Sample Standard Deviation:

$$
\sigma = \sqrt{\frac{1}{n-1}\sum_{i=1}^{n}(x_i - \bar{x})^2}
$$

Control Limits (3-sigma):

$$
\text{UCL} = \bar{x} + 3\sigma
$$

$$
\text{LCL} = \bar{x} - 3\sigma
$$

2.2 Process Capability Indices

These quantify how well a process meets specifications:

- $C_p$ (Potential Capability):

$$
C_p = \frac{USL - LSL}{6\sigma}
$$

- $C_{pk}$ (Actual Capability) — accounts for centering:

$$
C_{pk} = \min\left[\frac{USL - \mu}{3\sigma}, \frac{\mu - LSL}{3\sigma}\right]
$$

- $C_{pm}$ (Taguchi Index) — penalizes deviation from target $T$:

$$
C_{pm} = \frac{C_p}{\sqrt{1 + \left(\frac{\mu - T}{\sigma}\right)^2}}
$$

Semiconductor fabs typically require $C_{pk} \geq 1.67$, corresponding to defect rates below ~1 ppm.

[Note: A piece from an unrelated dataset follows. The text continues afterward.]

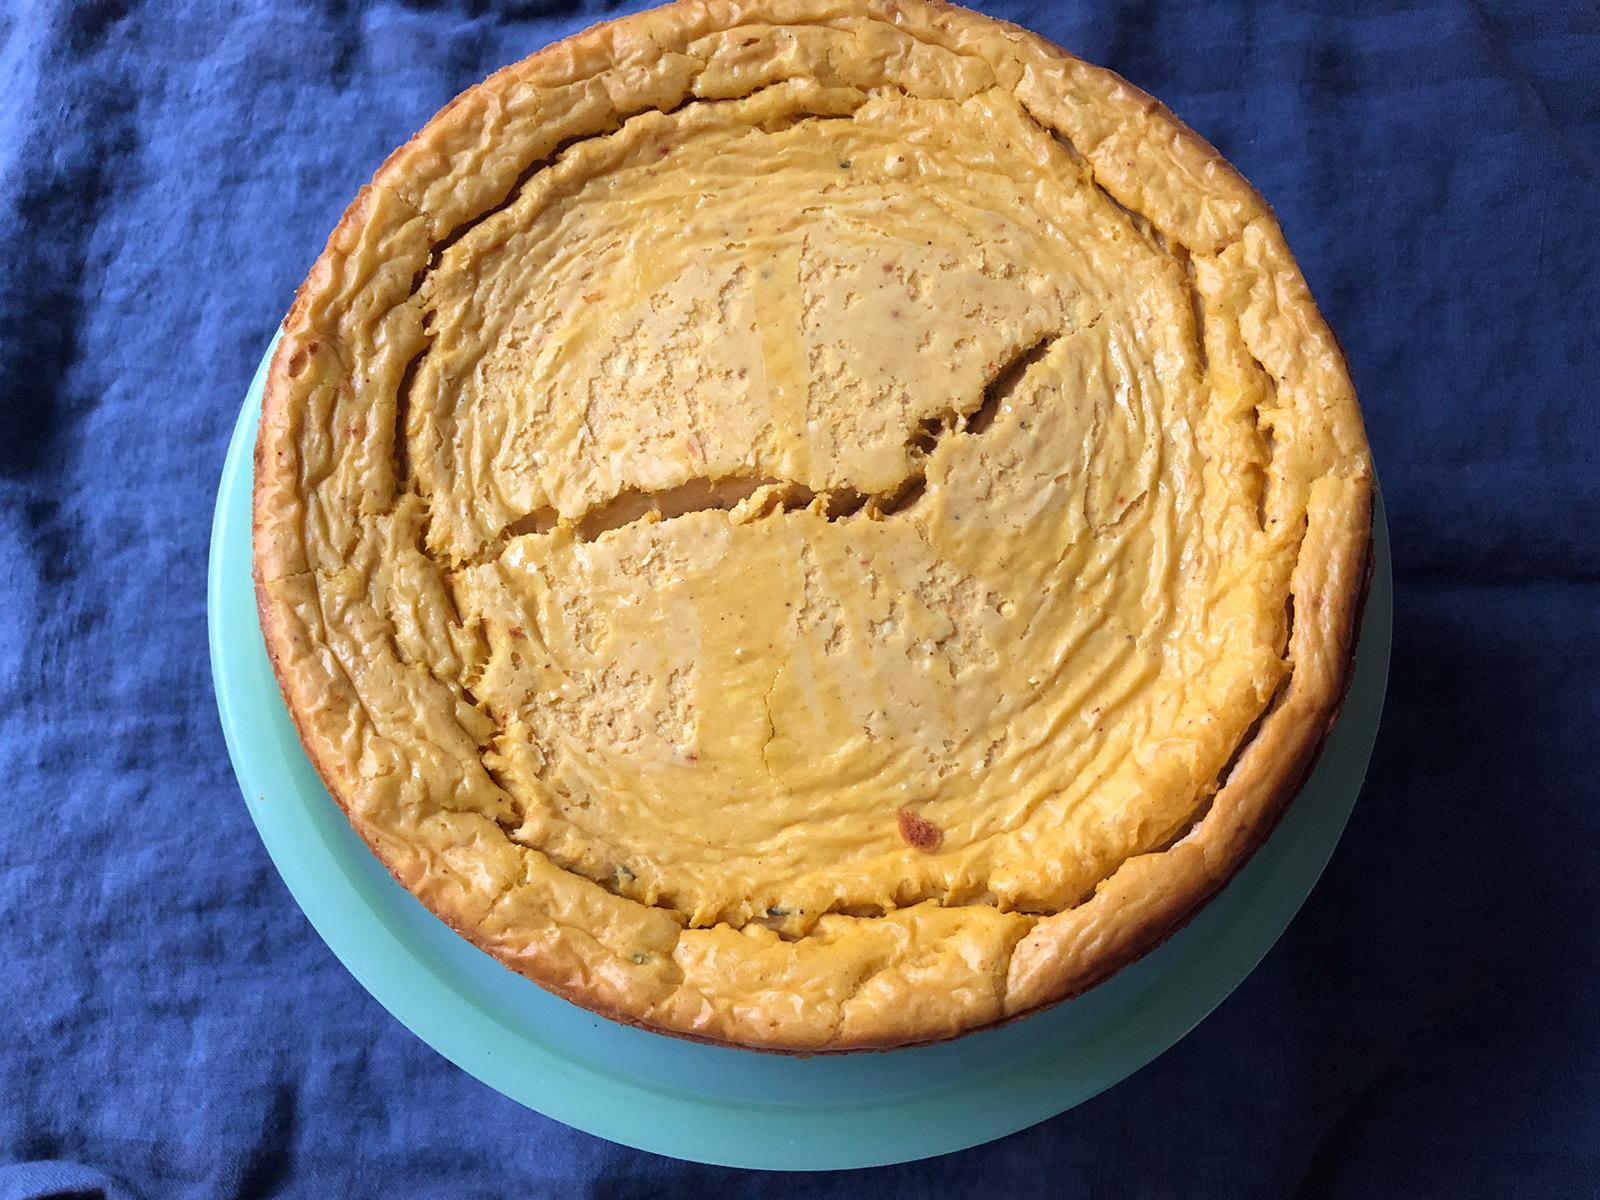 Savory Pumpkin Cheesecake Is Like a Little Miracle

3. Multivariate Statistical Monitoring

Since process parameters are highly correlated, univariate methods miss interaction effects.

3.1 Principal Component Analysis (PCA)

Given data matrix $\mathbf{X}$ ($n$ samples × $p$ variables), centered:

1. Compute covariance matrix:

$$
\mathbf{S} = \frac{1}{n-1}\mathbf{X}^T\mathbf{X}
$$

2. Eigendecomposition:

$$
\mathbf{S} = \mathbf{V}\mathbf{\Lambda}\mathbf{V}^T
$$

3. Project to principal components:

$$
\mathbf{T} = \mathbf{X}\mathbf{V}
$$

3.2 Monitoring Statistics

Hotelling's $T^2$ Statistic

Captures variation within the PCA model:

$$
T^2 = \sum_{i=1}^{k} \frac{t_i^2}{\lambda_i}
$$

where $k$ is the number of retained components. Under normal operation, $T^2$ follows a scaled F-distribution.

Q-Statistic (Squared Prediction Error)

Captures variation outside the model:

$$
Q = \sum_{j=1}^{p}(x_j - \hat{x}_j)^2 = \|\mathbf{x} - \mathbf{x}\mathbf{V}_k\mathbf{V}_k^T\|^2
$$

> Often more sensitive to novel faults than $T^2$.

3.3 Partial Least Squares (PLS)

When relating process inputs $\mathbf{X}$ to quality outputs $\mathbf{Y}$:

$$
\mathbf{Y} = \mathbf{X}\mathbf{B} + \mathbf{E}
$$

PLS finds latent variables that maximize covariance between $\mathbf{X}$ and $\mathbf{Y}$, providing both monitoring capability and a predictive model.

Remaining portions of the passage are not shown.